African American ancestry contribution to asthma and atopic dermatitis

Abstract

Objective: Asthma and atopic dermatitis (AD) are complex diseases with striking disparities across racial and ethnic groups, which may be partly attributable to genetic factors. Here we summarize current knowledge from asthma and AD genome-wide association studies (GWAS) and pharmacogenetic studies in African ancestry populations.

Data sources: GWAS catalog; PUBMed.

Study selections: GWAS catalog studies with trait annotations "asthma" and "atopic eczema" and African ancestry individuals in the discovery dataset; the recent CAAPA asthma GWAS; reports on pharmacogenetic studies in asthma and AD.

Results: Although GWASs have revolutionized gene discovery for multiple complex traits, African Americans continue to be severely underrepresented in sufficiently powered genetics studies. Indeed, of the 16 asthma and 21 AD loci that reached genomewide significance in Europeans, very few have replicated in African ancestry populations. Challenges in comparing results from European vs African ancestry cohorts include modest sample size, differences in risk allele frequency, effect size, correlation between genetic variants, and environmental exposure in evolutionary history. African Americans also constitute a small percentage of dermatological and respiratory-focused clinical trials.
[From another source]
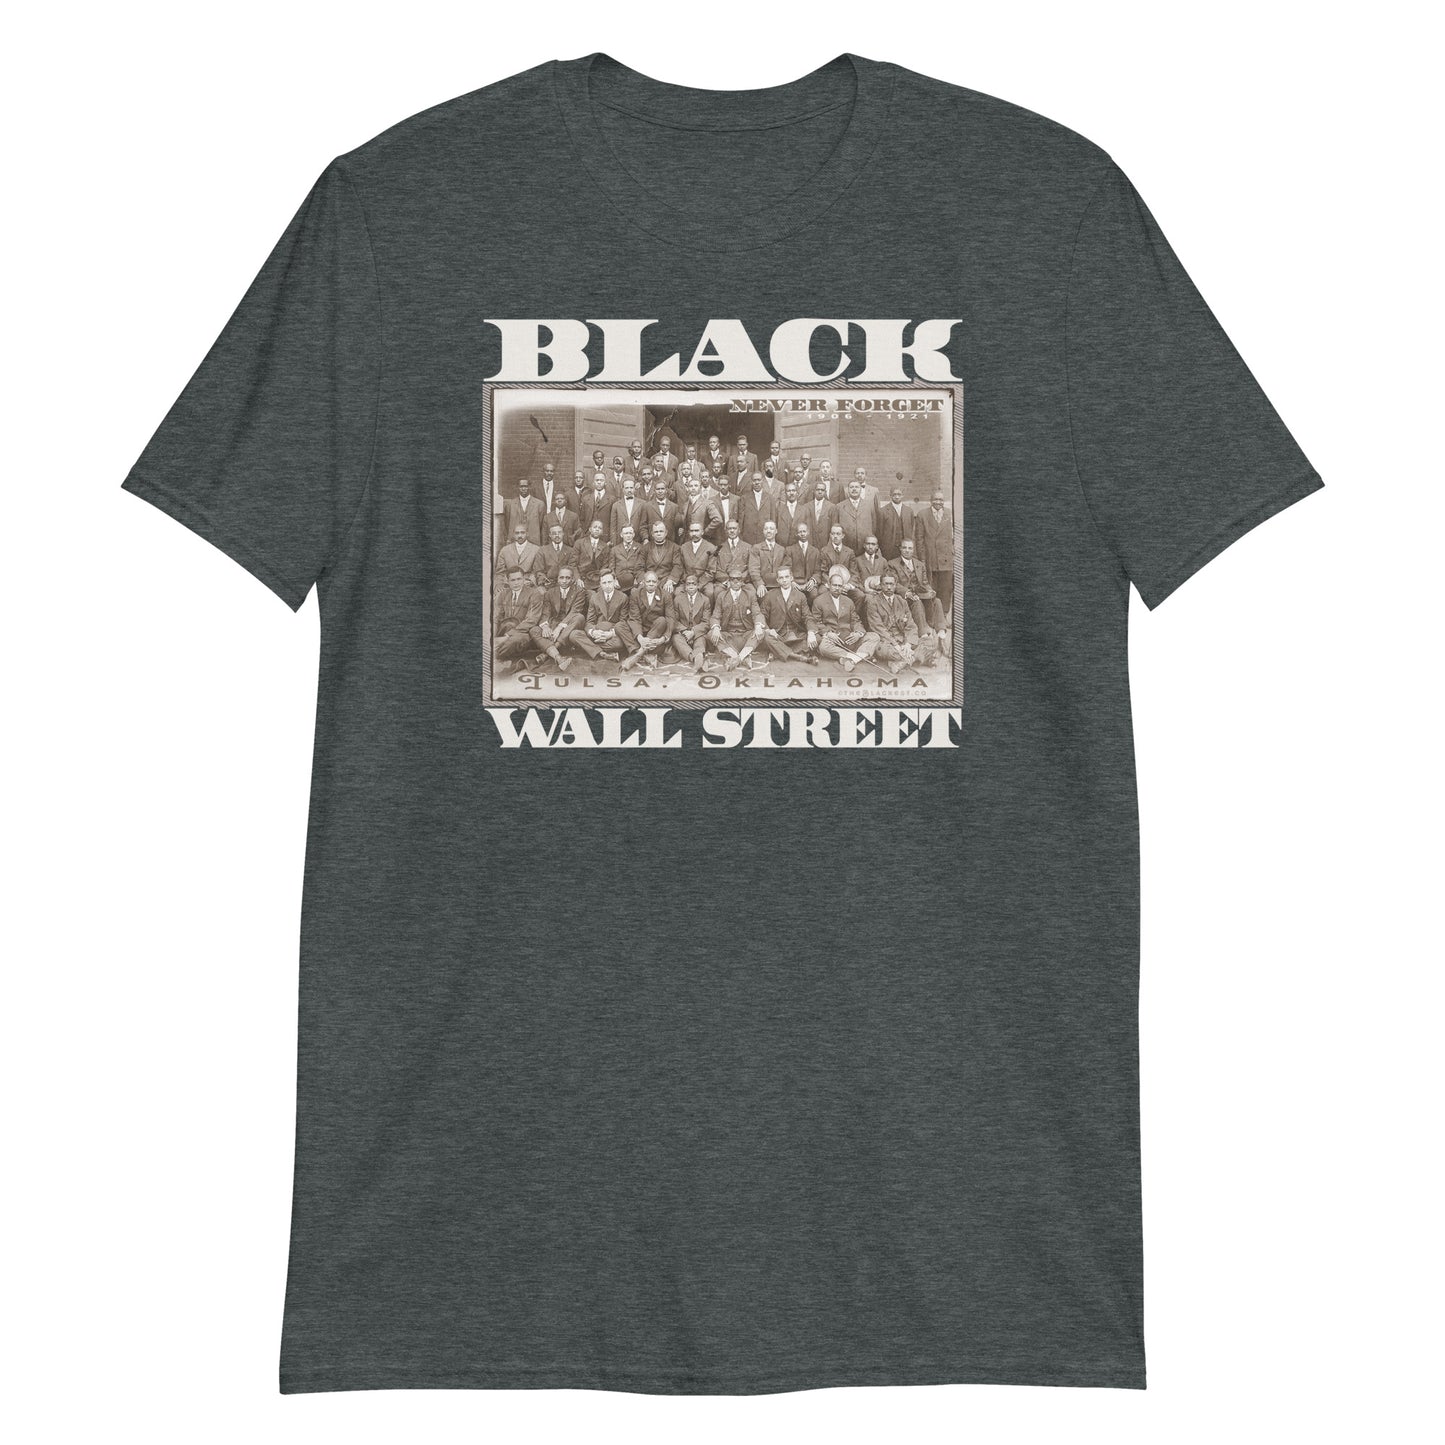 grey t shirt with a black and white photo of black wall street

Pharmacogenetic studies have similarly been focused largely on non-Hispanic whites, despite compelling evidence that genetic variation from different ancestral backgrounds may alter therapeutic efficacy of asthma and AD drugs.

Conclusion: Large-scale genetic studies of asthma and AD in African Americans are essential to reduce research and health disparities and empower scientific discoveries.

Figure 1:. Illustration of factors that influence between population differences of variants associated with asthma related phenotypes

A). Genetic Impact – differences in allele frequency. African- or Asian-ancestry asthmatics are more likely to carry the homozygous Arg16Arg genotype of a common coding variant (Gly16Arg) in the gene encoding the beta-2 adrenergic receptor (ADRB2, which is associated with poorer lung function during regular treatment with albuterol [Ortega, V. E. J Allergy Clin Immunol (2014)]. Allele frequencies from the 1000 Genomes Project are shown. CEU=Utah residents with ancestry from northern and western Europe; YRI=Individuals from Yoruba in Ibadan, Nigeria; ASW=African Americans from the southwest United States; MEX=Mexican Americans from Los Angeles, CA; CHB=Han Chinese from Beijing, China; JPT=Japanese from Tokyo, Japan. B). Genetic effect - differences in effect size. i.) The IL1Rl1 rs10173081 asthma risk allele odds ratio is larger in European Americans and Latinos compared to African American and African-Caribbean populations [Torgerson, D.G. Nat Genet (2011)] ii.) rs335016 is associated with asthma in Latinos but have zero effect (odds ratio = 1) in African American and African-Caribbean populations [Torgerson, D.G. Nat Genet (2011)]. iii). The minor allele of SNP rs2786098 located in the CRB1 gene is protective for asthma in European ancestry children (odds ratio < 1), but increases risk for asthma in African American children (odds ratio > 1) [Sleiman, P. M. N Engl J Med (2010)] A). Differences in linkage disequilibrium. Variants reported by GWAS are not necessarily causal, but may be a “tagging” variant that is correlated with the true causal variant. The pairwise correlation between genome-wide significant SNPs in the chr17q21–12 locus from the TAGC meta-analysis [Demenais, F. Nat Genet (2018)] is shown in European (CEU) vs. African (YRI) ancestry populations from the 1000 Genomes Project. The correlation structure between asthma associated variants is markedly different in the two populations.